Life-size bronze equestrian statue of Theodoros Kolokotronis situated in front of National Historical Museum of Greece.

As a result of this cooperative venture, the Christos and Mary Papoutsy Charitable Foundation pledged to continue to support such internationally based endeavors. The mission of the foundation is to support worthy projects, especially those concerning Hellenism, Greek Orthodoxy, and Hellenic culture. Personal participation is the cornerstone of all CMPCF activities: “Only by participating can we ensure the health, dignity, freedom, and creativity of our society.” Among the current funds and activities of this umbrella foundation are the Foundation for the Revitalization of Vatoussa, Lesvos, the Christos and Mary Papoutsy Endowed Chair in Business Ethics at Southern New Hampshire University, the Professor John C. Rouman [Roumanis] Classical Lecture Series at the University of New Hampshire, the Hellenic Historical and Genealogical Society, and Hellenic Communication Service, a free news and information service.

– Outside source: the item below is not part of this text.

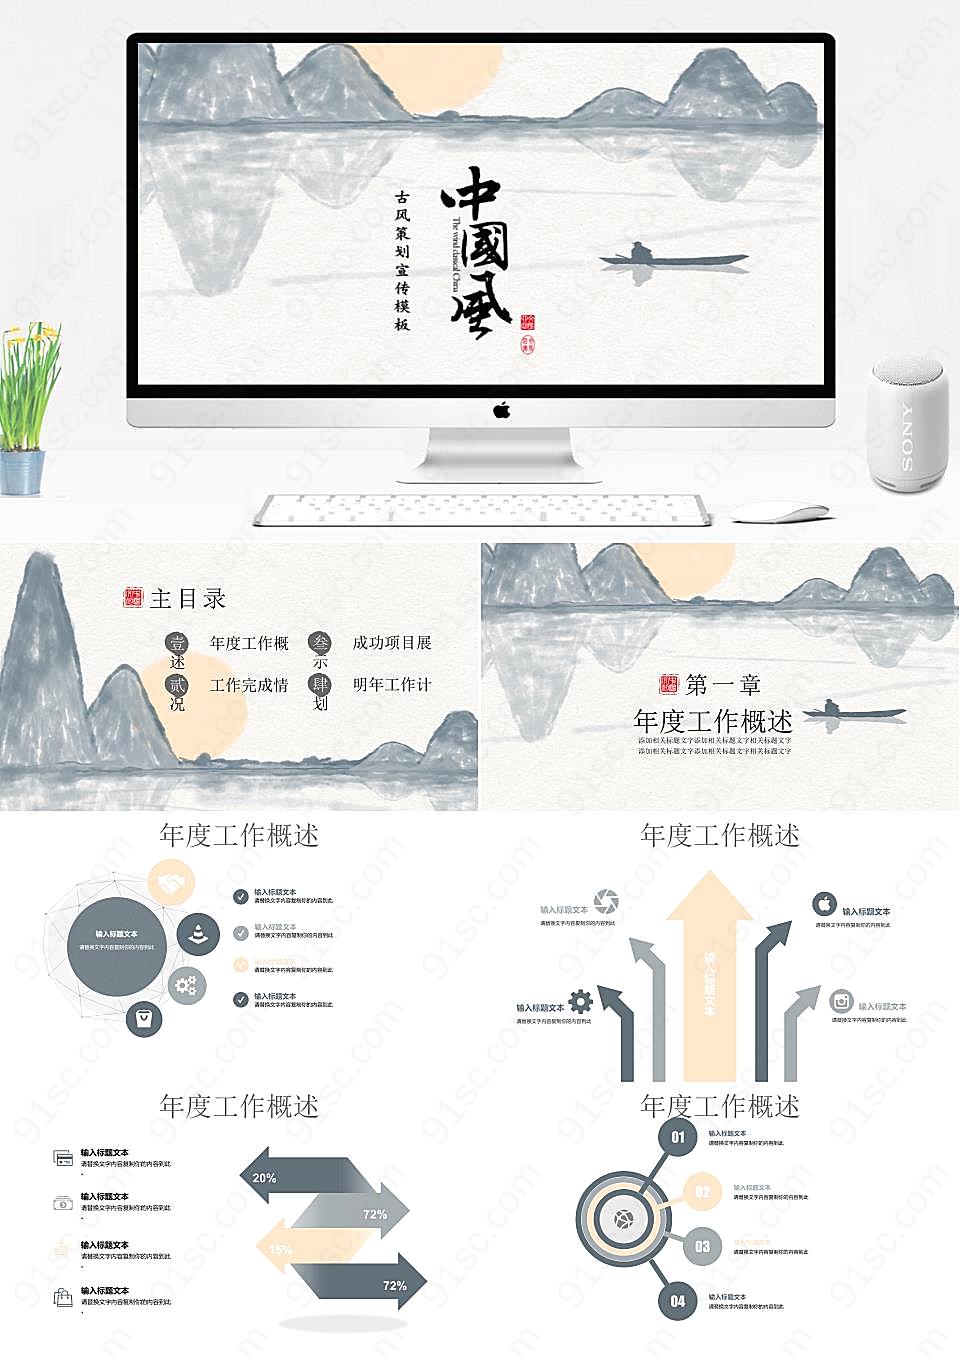 中国古典风情活动策划及宣传通用演示文稿模板营销宣传PPT模板下载

Mr. Mazarakis-Ainian, a highly esteemed scholar and expert, is the author of a number of seminal books and articles about Greek history and culture. In addition to his prestigious position with the National Historical Museum, he is the Secretary General of the Historical and Ethnological Society of Greece, and the Greek representative of the European Council of History Museum, a branch of the International Association of Museums of History.

Petrobey, hero of the Greek War of Independence in 1821. Oil painting at National Historical Museum of Greece.
The museum, located on Stadiou Street near Syntagma (Constitution) Square in Athens, is housed in the first permanent home of the Greek Parliament where members convened from 1875 to 1935. Belonging to the Historical and Ethnological Society of Greece (HESG), its mission is to seek out, collect, and preserve “objects and written evidence which help to shed light on the history of Modern Greece.” The museum is the oldest museum of its kind, founded in 1882 by distinguished men of science, letters and the arts, like Timoleon Philimon, Nikolaos Politis, Spyridon Labros, A. R. Ragavis, Dimitrios Kambouroglou, Antonios Miliarakis, Georgios Typaldos-Kozakis, and G. Drosinis.

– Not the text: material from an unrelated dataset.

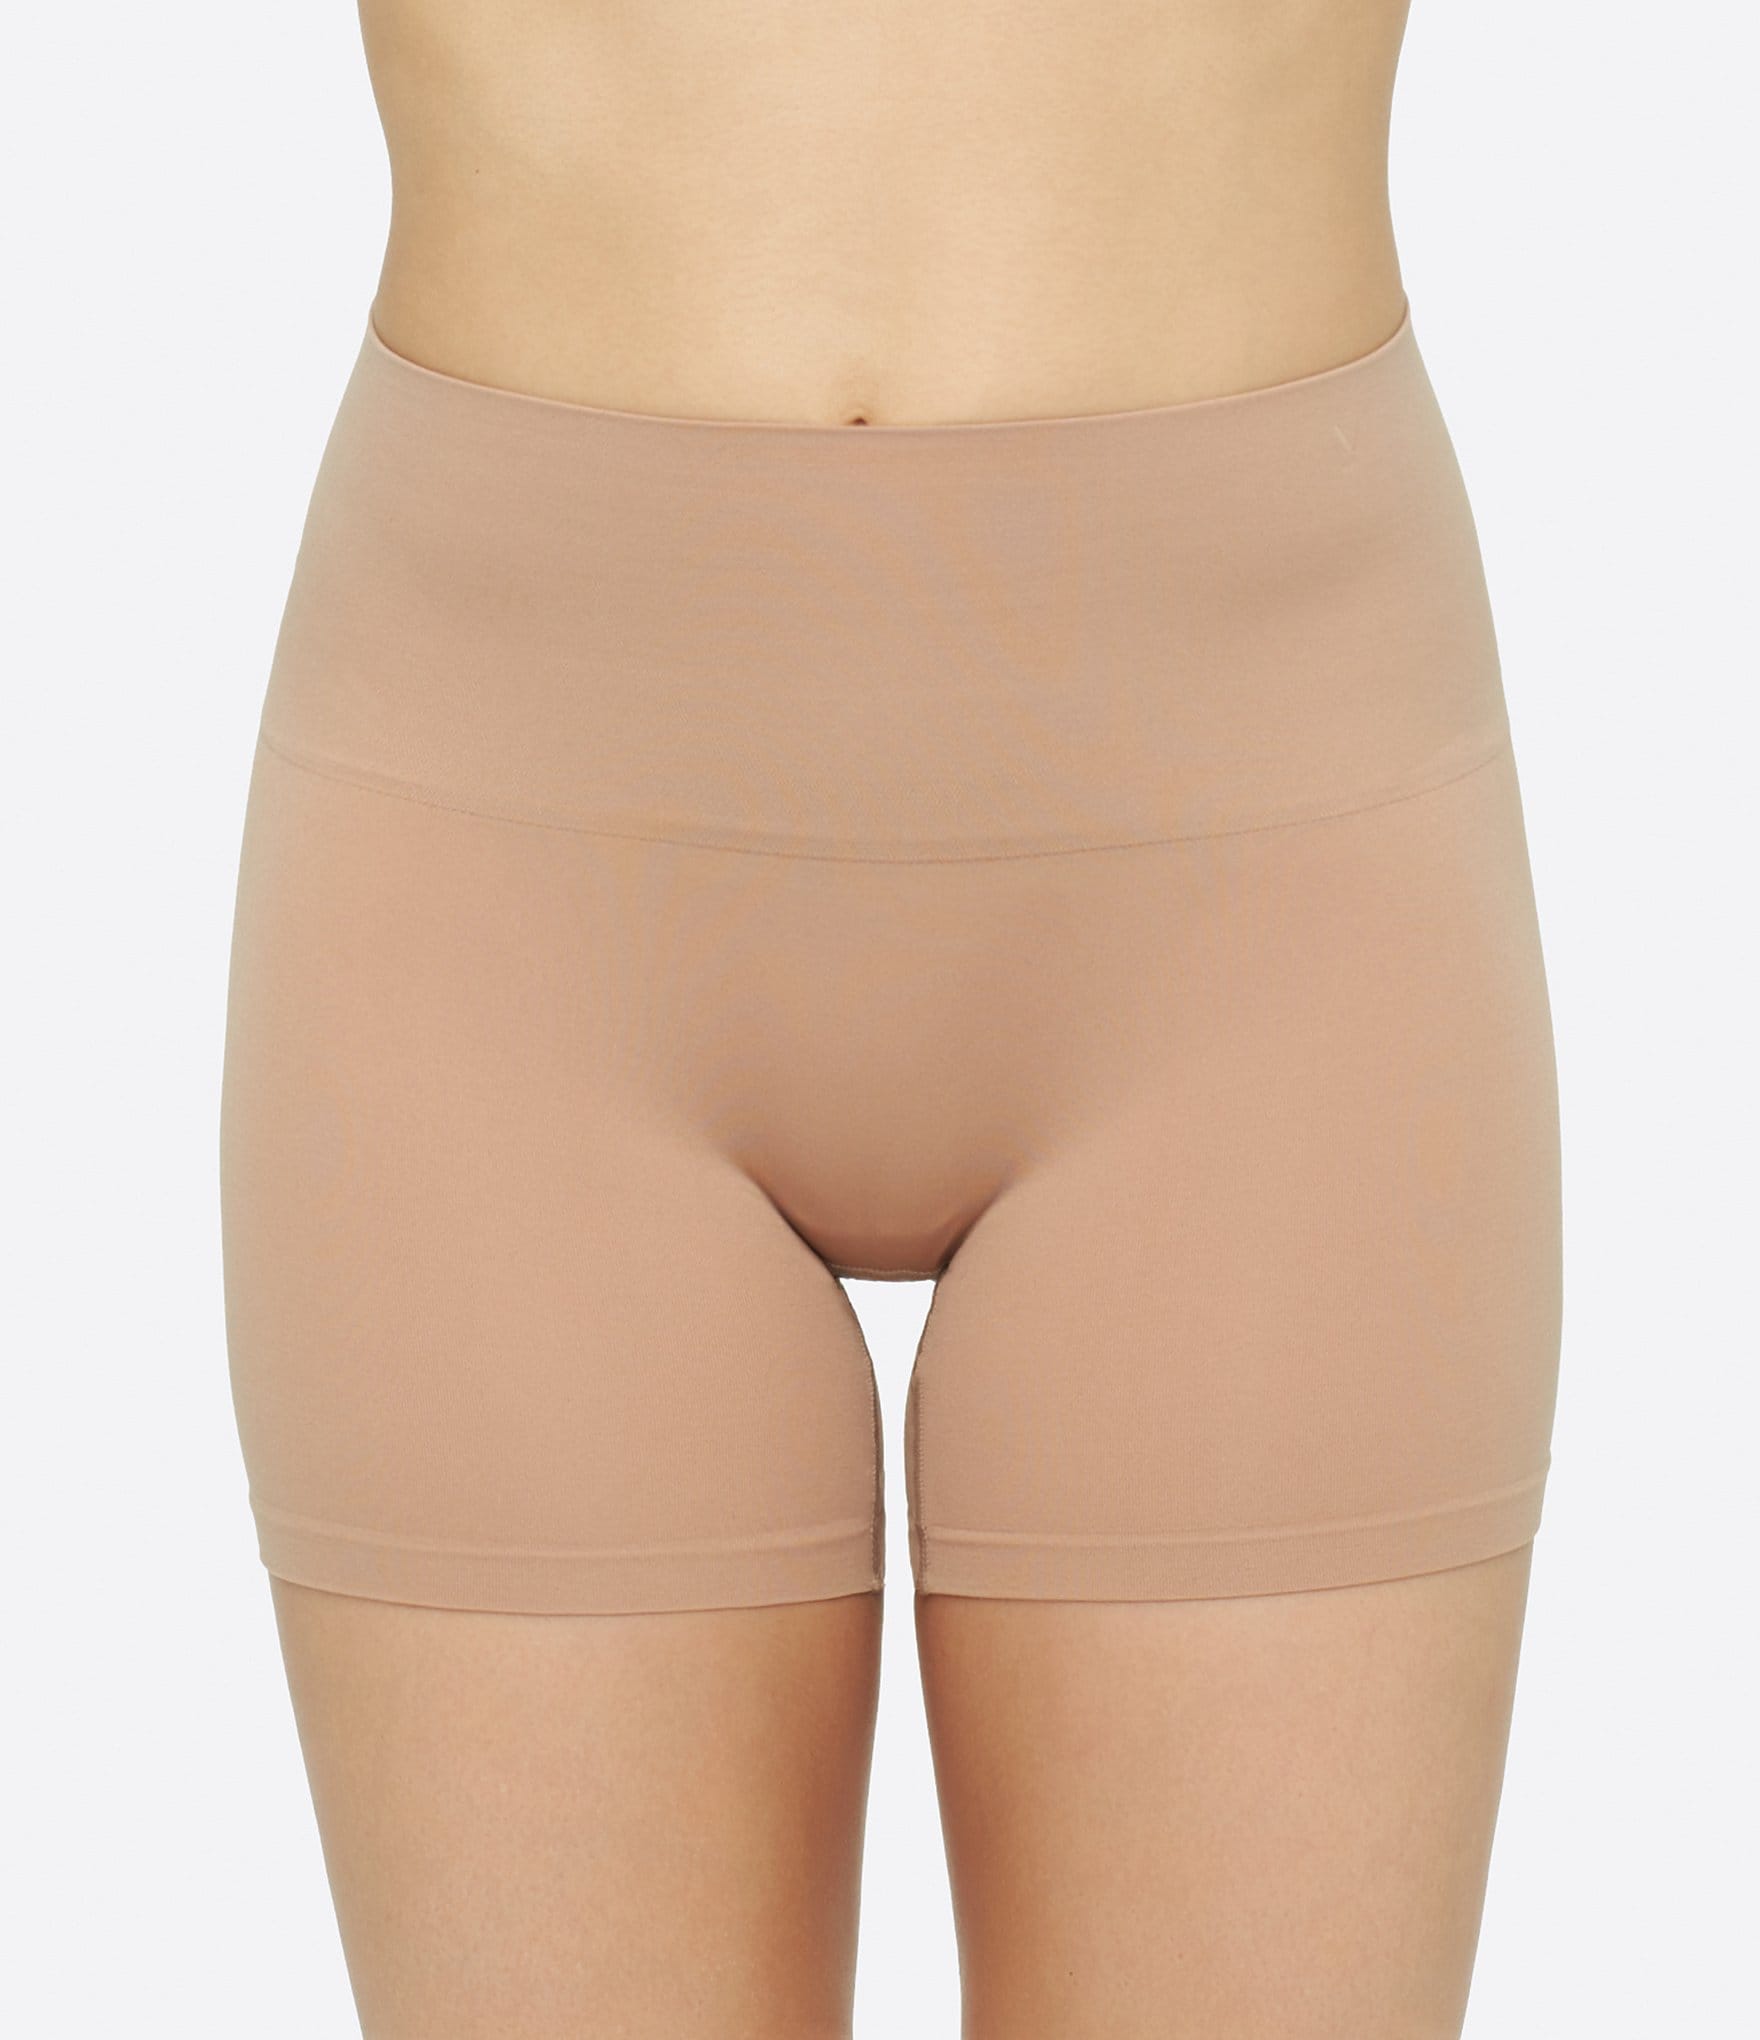 JDEFEG Seamless Slip Shorts for Women Women's Solid Pants Glare

The museum houses permanent and temporary exhibits, publishes scholarly texts and materials, conducts educational and scientific activities, supplies materials to researchers, and carries out historical research through cooperation with similar organizations. Maintenance of the museum and the organization of its activities are just a few of the activities of the Historical and Ethnological Society; the group also operates a research library, a research laboratory, an historical archive, and an annex facility housed in the historic Lazaros Kountouriotis Mansion on Hydra.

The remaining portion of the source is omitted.